= Opekta =

Former German pectin and spice company

An Opekta advertising poster from Anne Frank's room in the Secret Annexe. "Nù zelf Jam maken met Opekta", roughly "Now make homemade Jam with Opekta"

Opekta was a German pectin and spice company that existed between 1928 and 1995. It is notable for its Dutch operation being based in the building at Prinsengracht 263 that later became the Anne Frank House. Opekta was based in Cologne and expanded into the Netherlands in 1933, at which time Otto Frank moved from Germany to Amsterdam to become managing director of the new Dutch operation. Otto Frank was in charge of the manufacturing and distribution of the pectin-based gelling preparations, to be used in jam making.

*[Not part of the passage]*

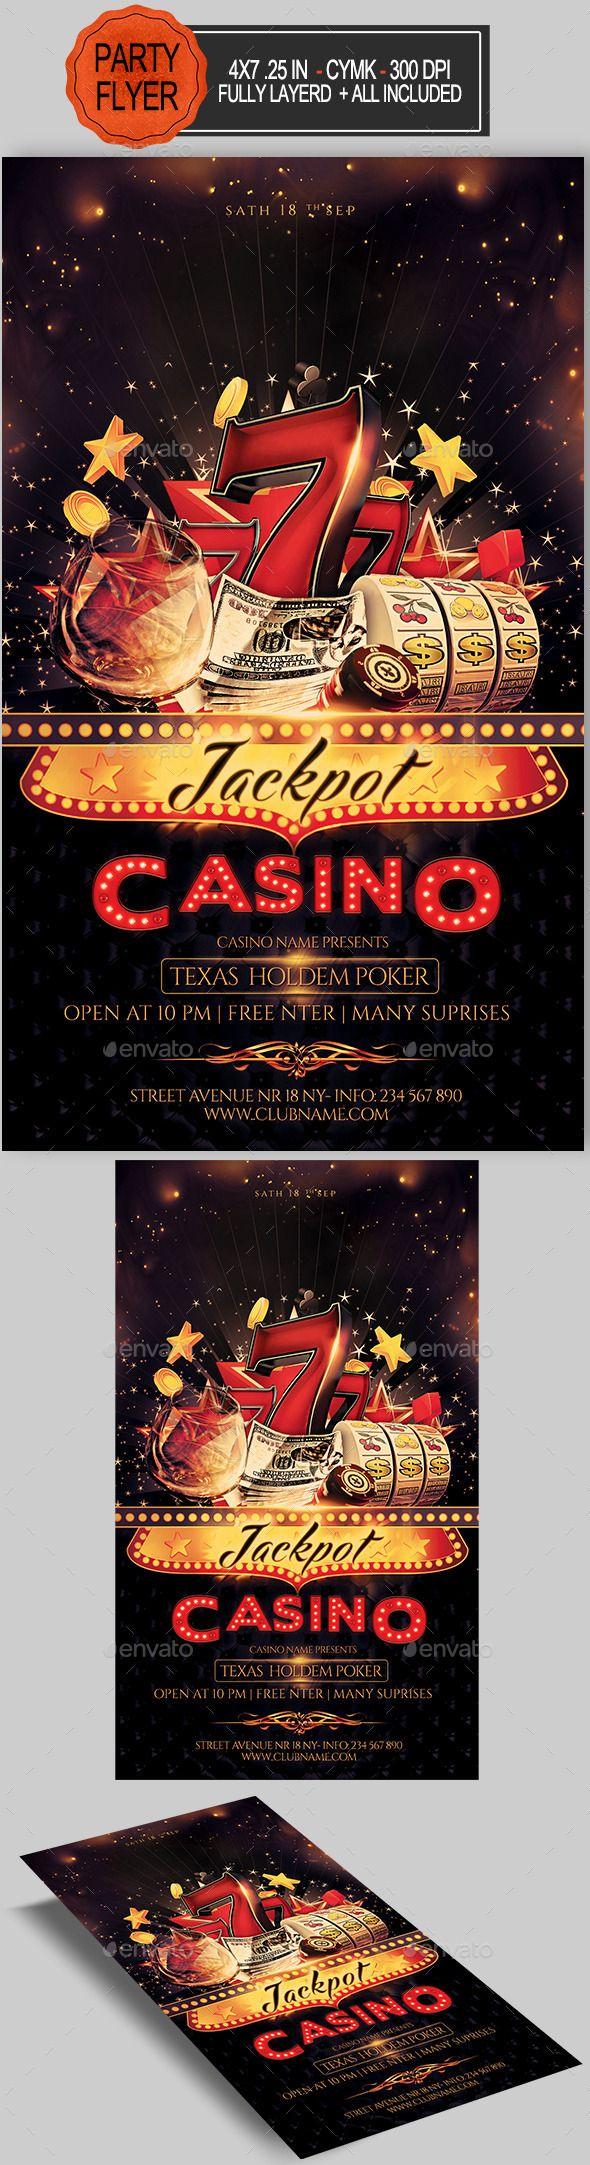 Casino Flyer - Clubs...

The company continued to trade from the same building while Frank, his family (including his youngest daughter Anne Frank) and several other Jews hid from persecution stemming from the Nazi Occupation of the Netherlands during the Second World War.

==History==
The Opekta company was based in Cologne, Germany, founded and owned by the Austrian chemists Robert Feix and Richard Fackeldey.

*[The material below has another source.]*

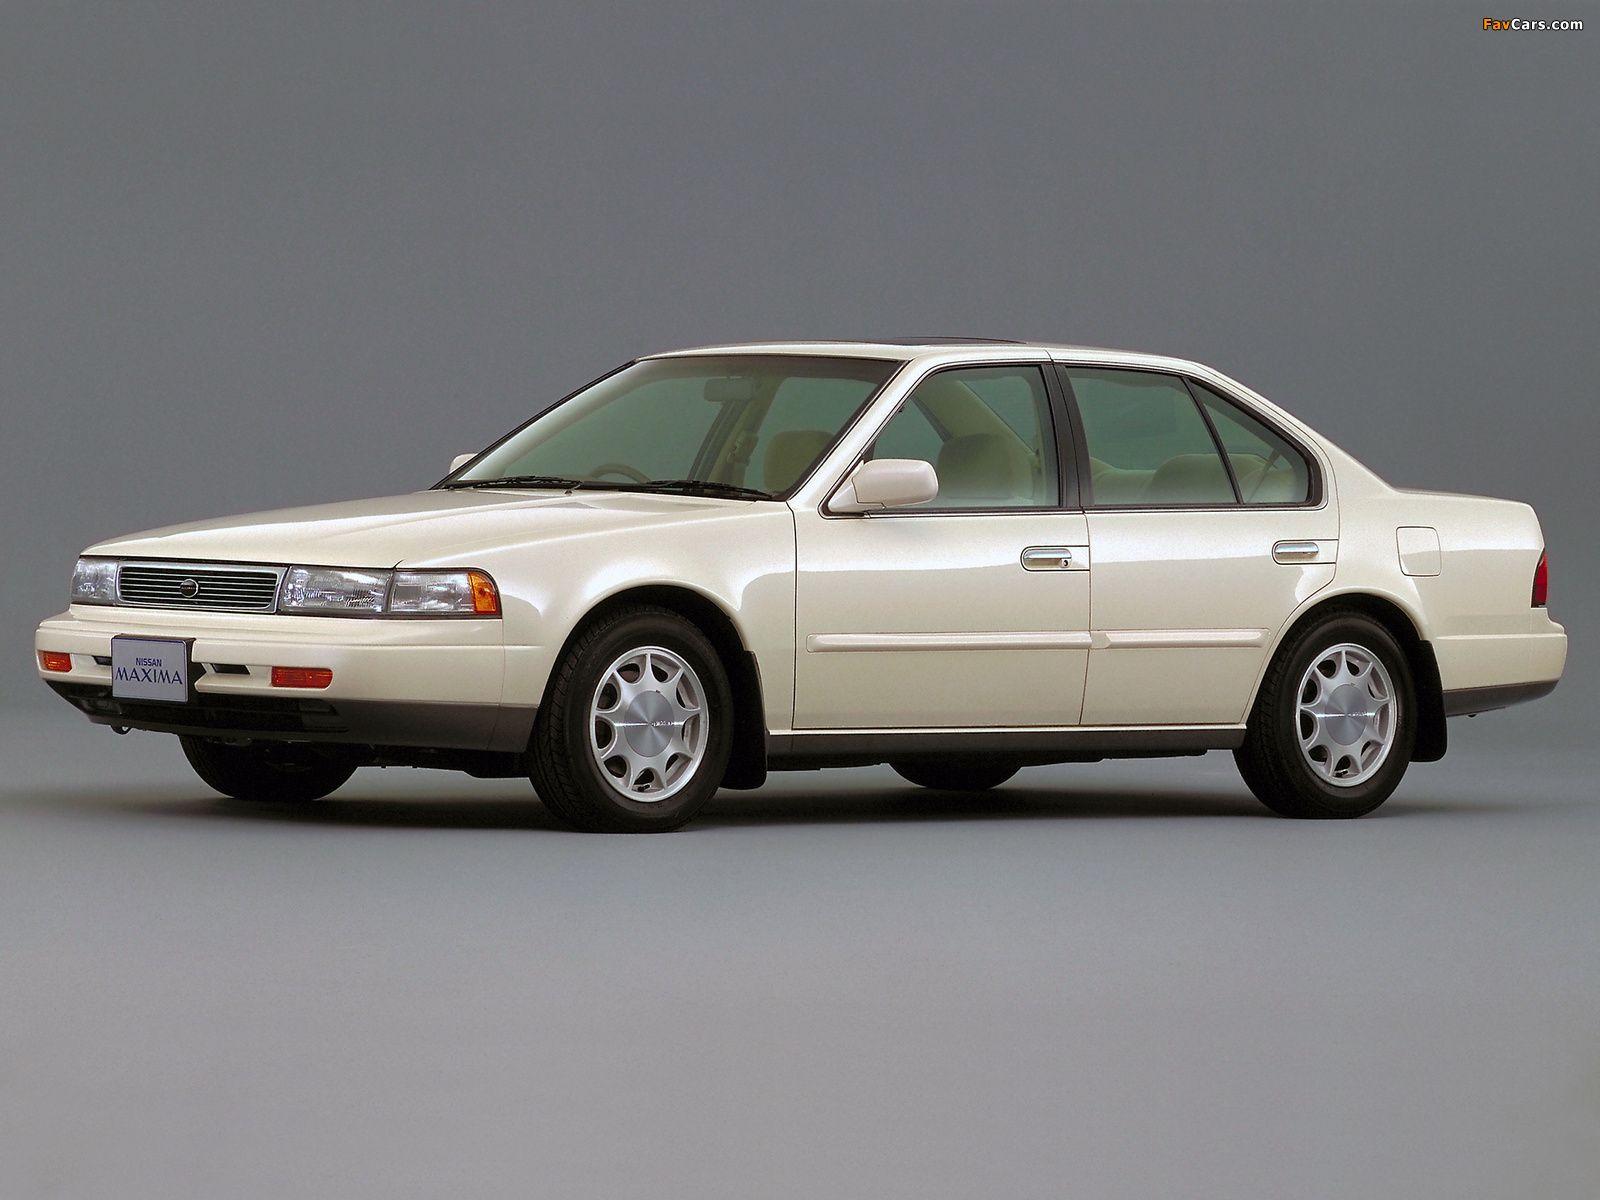 4dsc Nissan Maxima Nissan Nissan Altima Coupe

- 1933: The German businessman Otto Frank, then still residing in Germany, was appointed to aid their expansion into the Netherlands. Frank had already considered moving his family to the Netherlands following the election of Adolf Hitler and the rise of Nazism, so he accepted the post and moved alone to Amsterdam to find premises for the company. He had briefly managed a large rival firm, Pomosin, which traded pectin to factories from the Dutch town of Utrecht but decided that retail trade would be more lucrative in the Dutch market than wholesale. His franchise for the Amsterdam branch of Opekta was established in September 1933. In December 1933, his wife, Edith Frank-Holländer, found an apartment for the family on Merwedeplein in southern Amsterdam.
- 1934: The company became too cramped and moved to the Amsterdam address of 400 Singel. It moved once again to new premises located at 263 Prinsengracht. Victor Kugler, an ex-colleague from Pomosin, came on board almost immediately to help run the company. The workforce was small - apart from a junior clerk, the only other employee was a secretary, who left a few months after the company started trading. She was replaced by Miep Gies, whose duties extended from the secretarial to public relations and advertising.
- 1938: Gies appeared in a promotional film to promote the Opekta product, which was used to demonstrate to consumers how easy it was to use in cooking. That year, they were joined by two other employees, Hermann van Pels as an herb specialist and Johannes Kleiman as a bookkeeper. Bep Voskuijl, who had been the administration manager when the war broke out, had been taken on in the previous year, 1937.
- 1940: After the arrival of the German occupiers, the company was re-registered under the name of Victor Kugler to prevent it from being confiscated as a Jewish-owned business. Frank remained in charge but in secret.
- 1941: The company was renamed Gies & Co. and Frank resigned as they were forced into hiding in the secret annex within the building.
- 1942: Frank continued as a silent partner in the company. Their two-year confinement, aided by Kleiman, Kugler, Gies and Voskuijl, was famously chronicled by Frank's youngest daughter, Anne, in an autobiographical work, The Diary of a Young Girl, published posthumously in 1947.
- 1953: Frank retired as director of Opekta and was succeeded by Kleiman until he died in 1959.
- 1954: The building at 263 Prinsengracht was sold to developers and Opekta was given notice to vacate the premises. Anne Frank's diary had drawn readers to visit the premises by this time and a successful campaign saved the building from demolition.
- 1955: Opekta left the building
- 1960: The building re-opened as the Anne Frank House, a museum dedicated to the life and writings of Anne Frank.
- 1995: Dr. Oetker acquired the company in August.